The cake looks delicious! I haven't seen any of those little brightly coloured speckley eggs this year…… Happy Easter! x
Jean says
What a speggtacularly beautiful cake!
You really are a genius and your blog is a total joy to read. Happy Easter xx
Karen S Booth says
A BIG FAT BUNDT Blog Birthday Dom and THANKS for adding such a FAB cake to Tea Time Treats too! LOVE it to pieces! Karen xxxx
Mark Willis says
Ah, now I know why there is a national shortage of mini-eggs!!
Baking Addict says
Happy blogiversary! 5 years is a great acheivement and I feel the same about you about the long weekend. Love bundt cakes and this one looks magnificent especially with the lovely green icing. Thanks for entering AlphaBakes.
Suelle says
Happy blogiversary! What a great looking cake to celebrate with!
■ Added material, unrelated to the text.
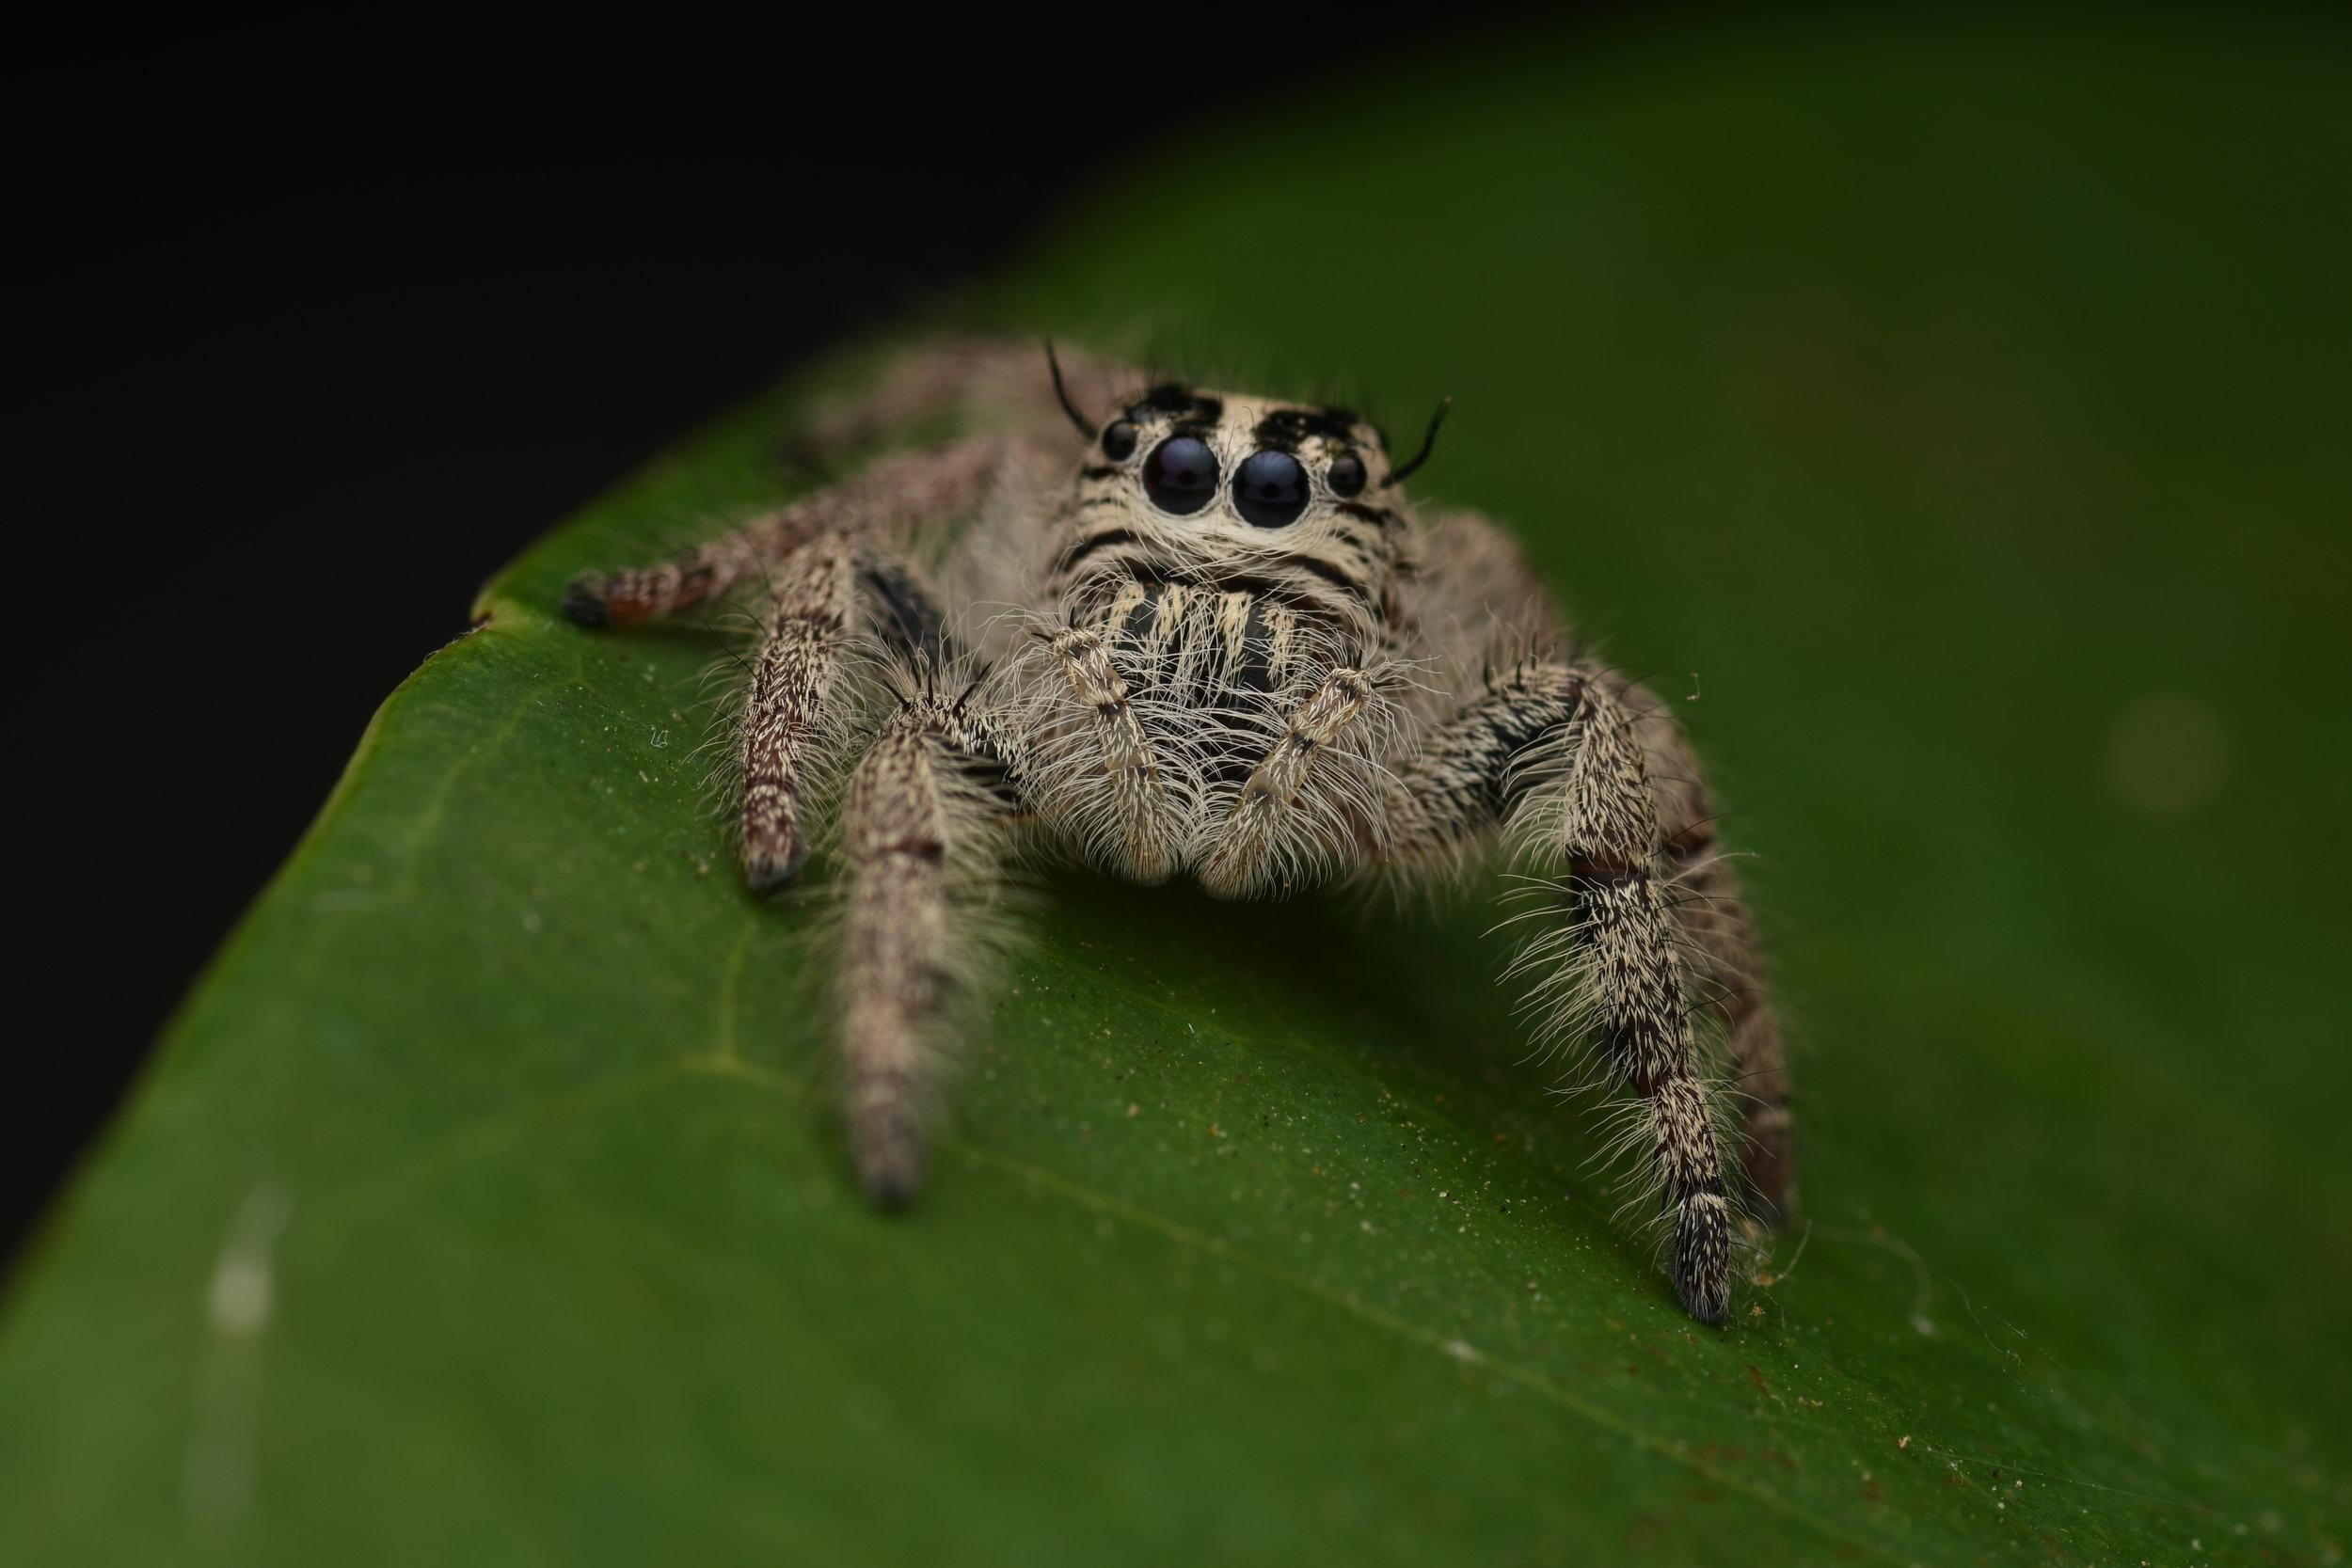 Heavy Jumping Spider ( Hyllus diardi ),   Tanjung Rhu, Langkawi Island, Malaysia  • Nikon D500, Tokina 100mm f/2,8 macro, Nikon SB900 @ 1/16 power with Alex Goh Macro Diffuser, ISO100, f/18, 1/250s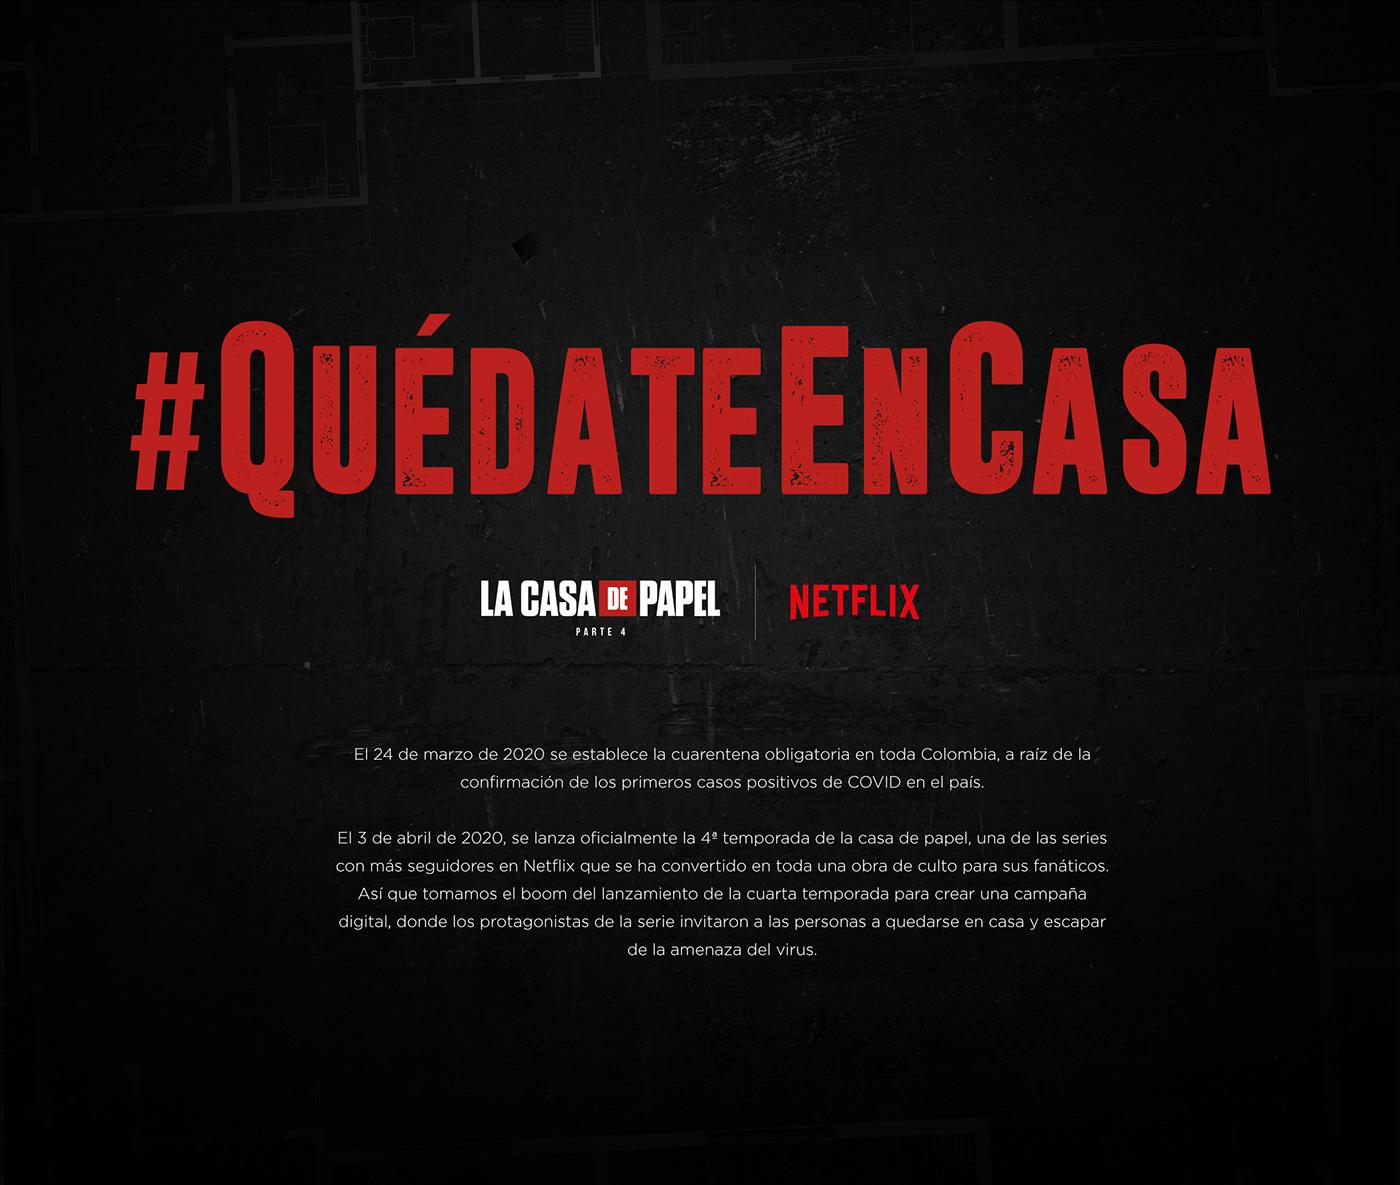 casadepapel digital elprofesor Netflix proteccion wundermanthompson

Love the speckled effect, even if it does look green rather than blue on my computer.
From Beyond My Kitchen Window says
Time sure passes quickly. The cake and speckled eggs are perfect for Easter.
Magnolia Verandah says
This looks nice and eastern. Considered making this for Easter but ran out of time, still on my list though.
Magnolia Verandah says
Oh forgot to say ….happy birthday!
Magnolia Verandah says
Eastern! should have been EASTERY!
Caroline Muspratt says
This is so pretty! Thanks for sharing with Alphabakes.